DATA EXCERPTS
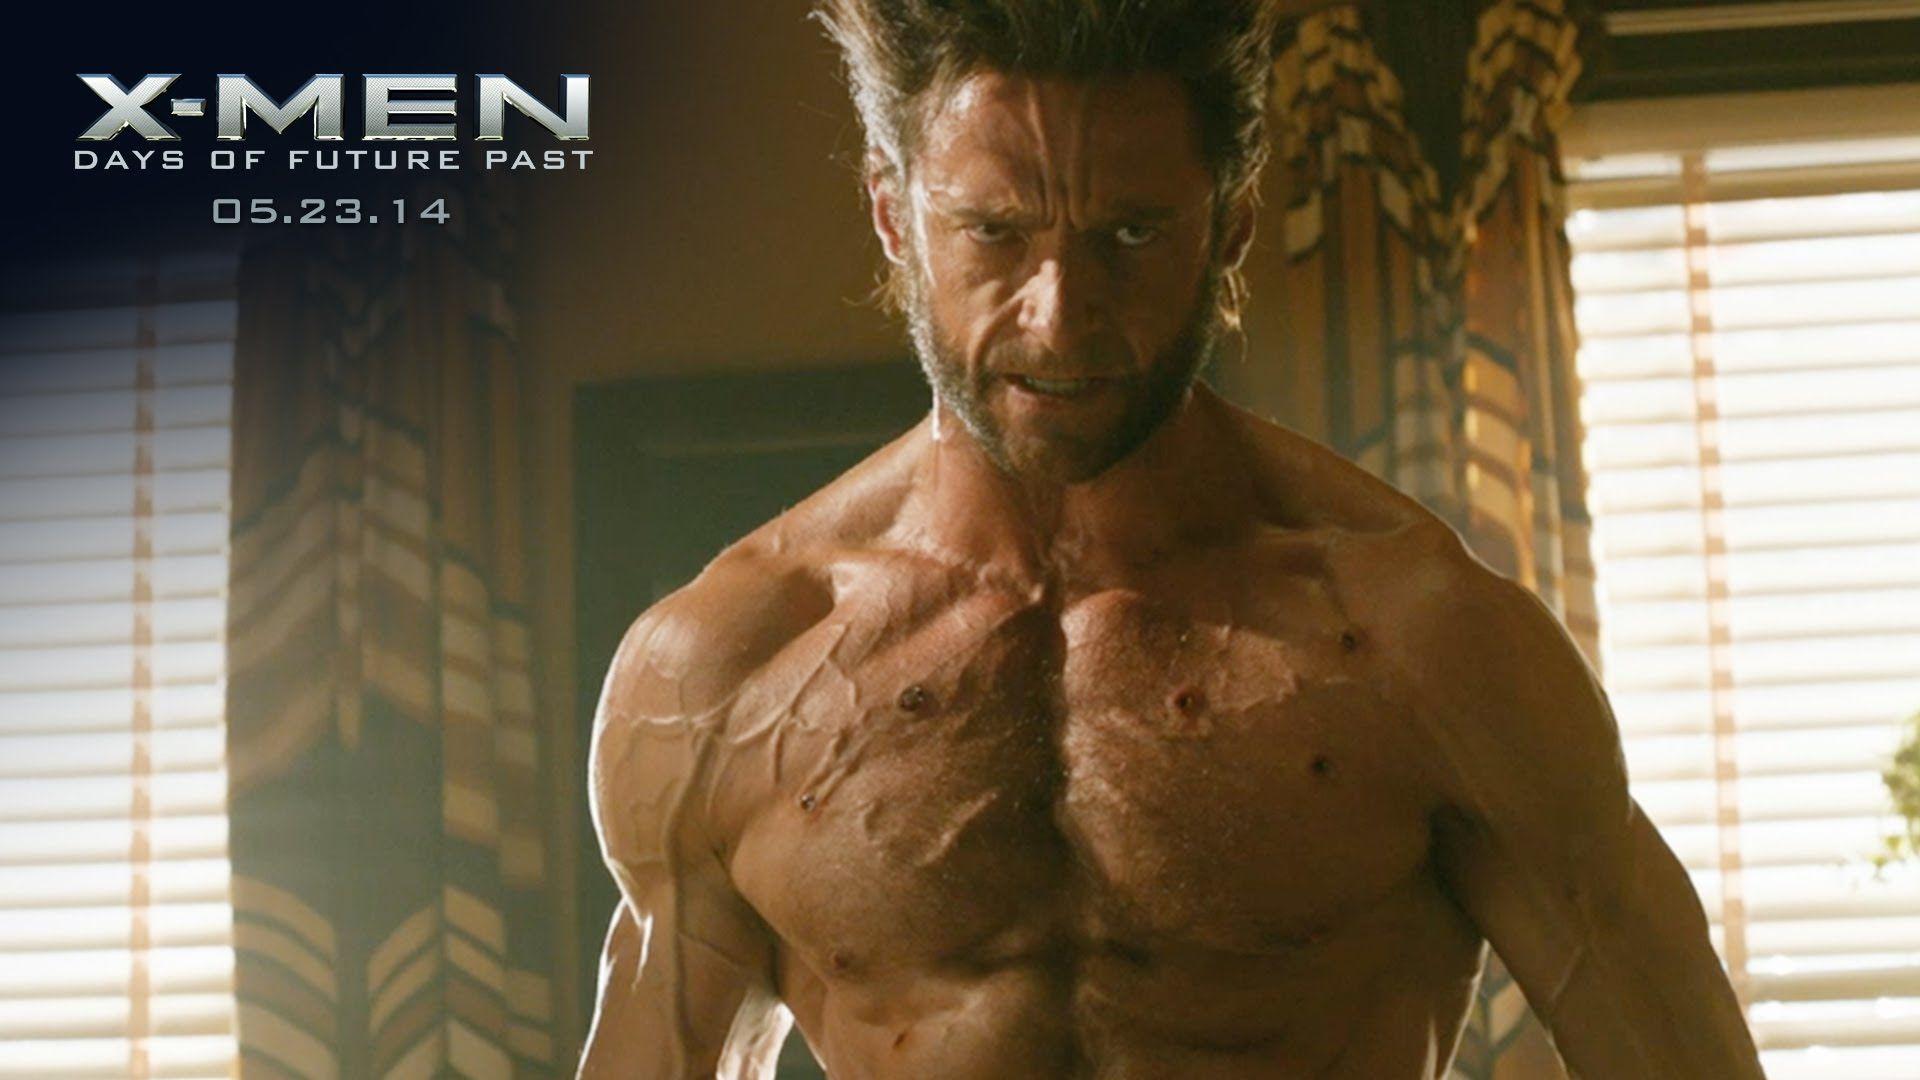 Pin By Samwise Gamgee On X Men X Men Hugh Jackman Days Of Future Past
==
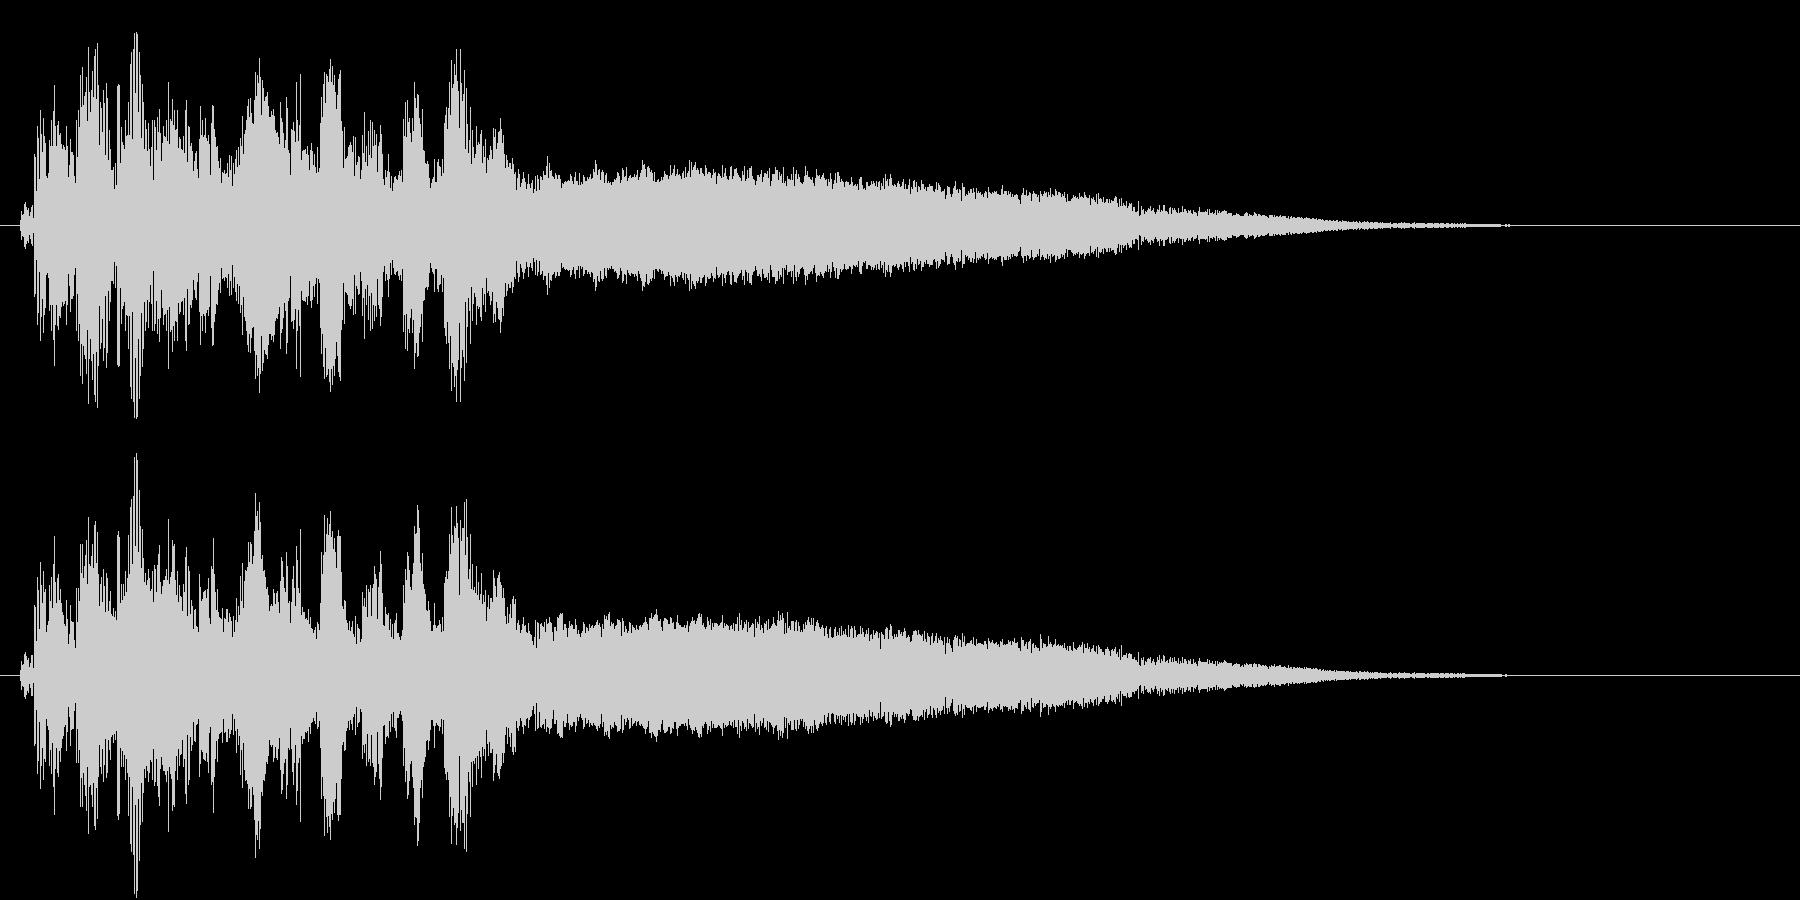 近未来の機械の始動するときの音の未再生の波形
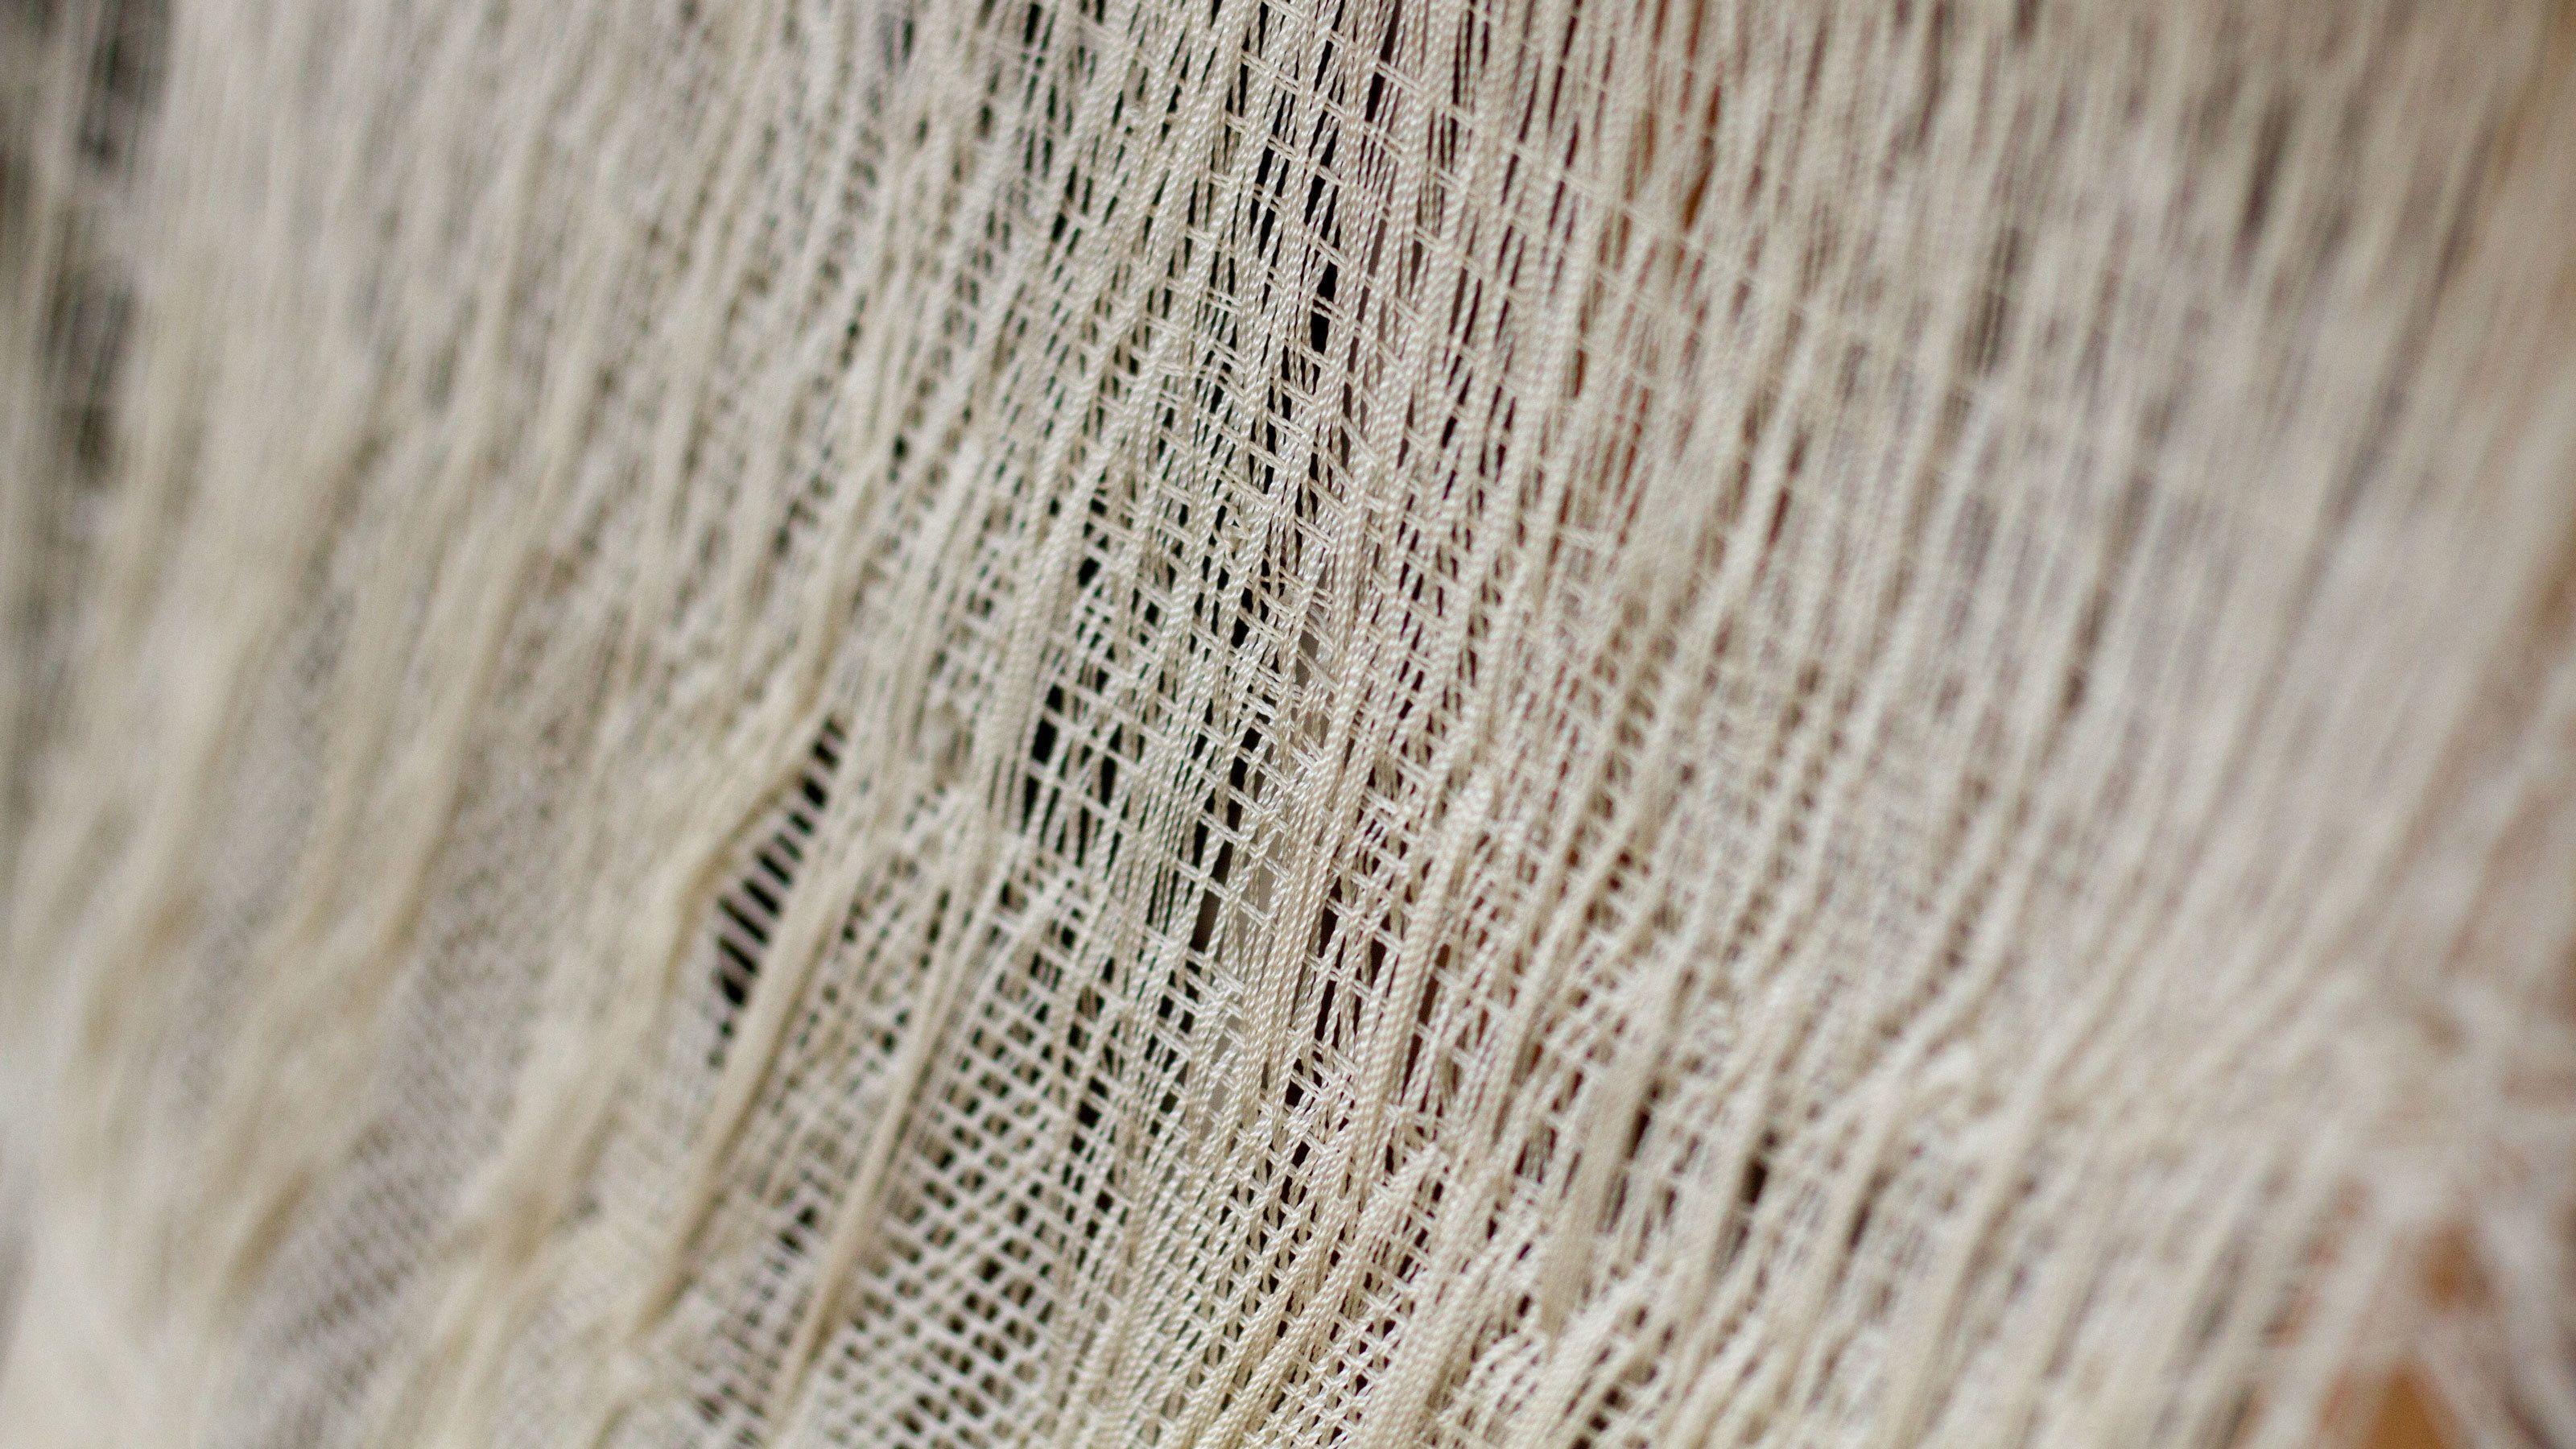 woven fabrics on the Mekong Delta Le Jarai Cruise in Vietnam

EXERCISE AIM
For this task, return exactly the stretch of the listing above from the line with "近未来の機械の始動するときの音の未再生の波形" through the line with "woven fabrics on", inclusive and without pictures.

ANSWER SPACE
 近未来の機械の始動するときの音の未再生の波形
 woven fabrics on the Mekong Delta Le Jarai Cruise in Vietnam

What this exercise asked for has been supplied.